For some reason, my gauge had gotten much tighter as I knit, leaving the bottom quite wide. The middle part of the sweater was roomy, but acceptably so. It looked a bit like a bell bottomed sweater. I’m sure a model would have pulled it off as a fashion statement, but it just made me look like a pregnant hippo with a conical baby.

Funnily enough, I wasn’t devastated (my devastation has all gone into the dog). I just looked for a way to fix it. We discussed this at work - with my boss looking on and shaking his head as four women stared at a sweater and hemmed and hawed for about half an hour - and finally decided I should just try pulling the sides apart and hemming them in a bit (since I can’t do steeks). Sooooo, I went home that night, pulled the sides out – for all of my fear that my ends will come out and the sweater will unravel, it took me three times as long to pull the seams apart as it did to sew them up. I re-sewed them, gradually increasing the intake and thus making the sweater narrower and straighter. The hem looks great outside although a bit wonky inside. However, I’m betting very few people will be asking me to take it off so they can inspect the inside seam. I will probably whip stitch that bit down too, so it doesn’t roll inside the sweater and make it even bulkier, so even if they did, it will at least look tidy.

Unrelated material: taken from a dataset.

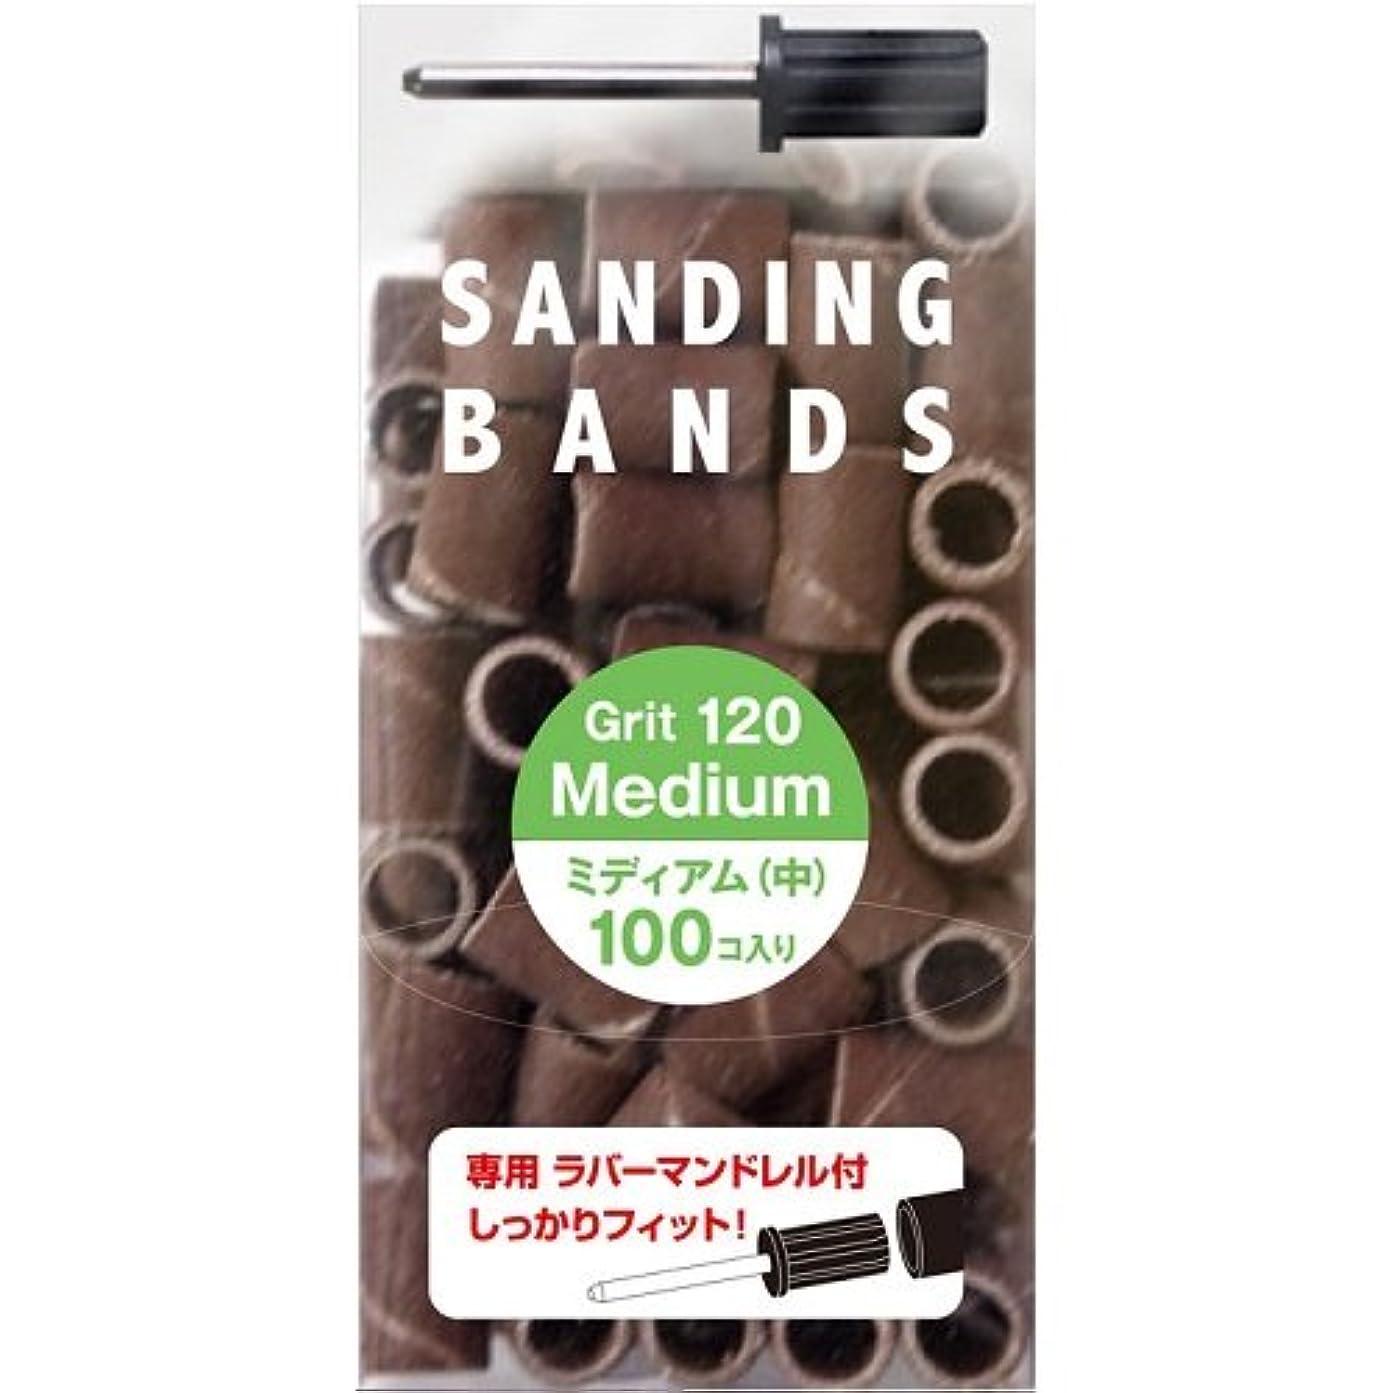 カスタム卵ピクニックをするサンディングバンド(SB-120)

It’s still quite roomy, but I can live with that. I actually wanted it that way. It was generally agreed by my co-workers and moi-même that it’s really pretty and nice and soft and lovely and now I can’t wait for it to get colder so I can wear it. I love this sweater, despite its roominess. Love it. The only down side is that if I ever manage to loose any weight, I might still have to look for that pregnant hippo to pass it along to.

For those wondering about the dog, T is still fine at the moment. He doesn’t seem to be in any pain at all, he just has a tumour on his leg. I will eventually have to start giving him pain killers, but at the moment, he’s still fine without them. Well enough even to pilfer and devour a half a kilo of dried tripe while I was at work one day this week. The sympathy factor served him well that day. Any other time I would have throttled him.